В этом отделении госпиталя Бурденко раненых оставалось уже немного чеченская война миновала свой пик. Тех, кого удалось подлатать, старались размещать в подмосковных санаториях и пансионатах. Многие не избежали голубоватого здания без окон на набережной Яузы - от госпитального морга траурные кортежи отъезжали регулярно, и спецроте городской комендатуры скучать этим летом не пришлось, много сотен холостых патронов сгорело в траурных залпах. Но кое-кто еще не определился между пансионатом и моргом. Валентин Кислицин как раз относился к группе колеблющихся.

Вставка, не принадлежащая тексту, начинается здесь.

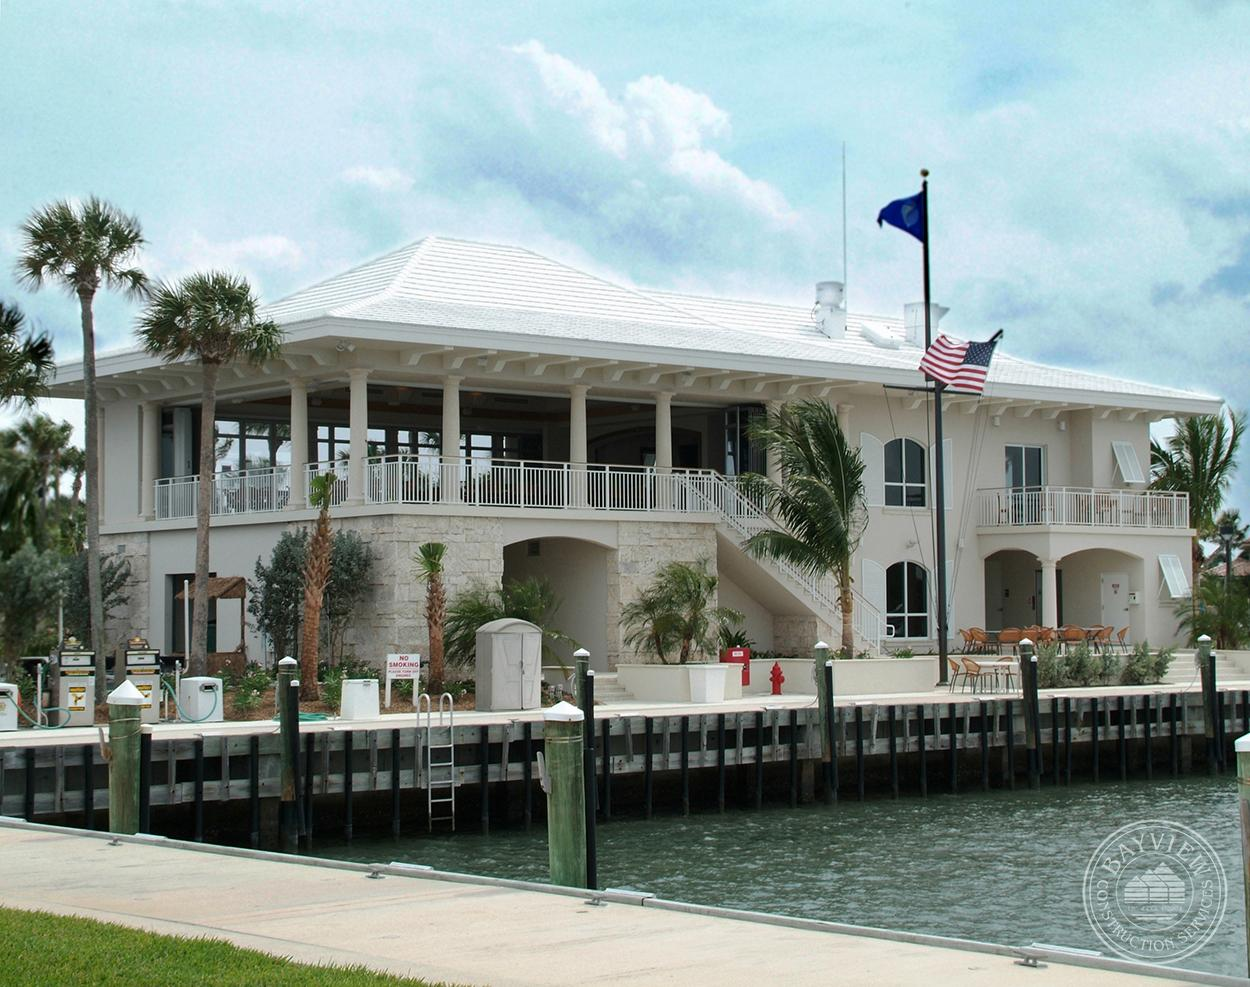 Exterior overlooking the water Sailfish Point Marina & Yacht Club Hutchinson Island, FL

Присев на пустующую койку, Степанов взглянул на закованного в гипсовый корсет друга и с трудом подавил тяжелый вздох.
– Здорово, Миша!
– прошептал Кислицин, скосив на капитана глаза, головы он не мог повернуть.
– Что, поздравить пришел?
Степанов кивнул. Слова поздравления прозвучали бы нелепо в такой ситуации, и он молча пожал холодную неподвижную руку Валентина, бессильно лежавшую поверх серого казенного одеяла.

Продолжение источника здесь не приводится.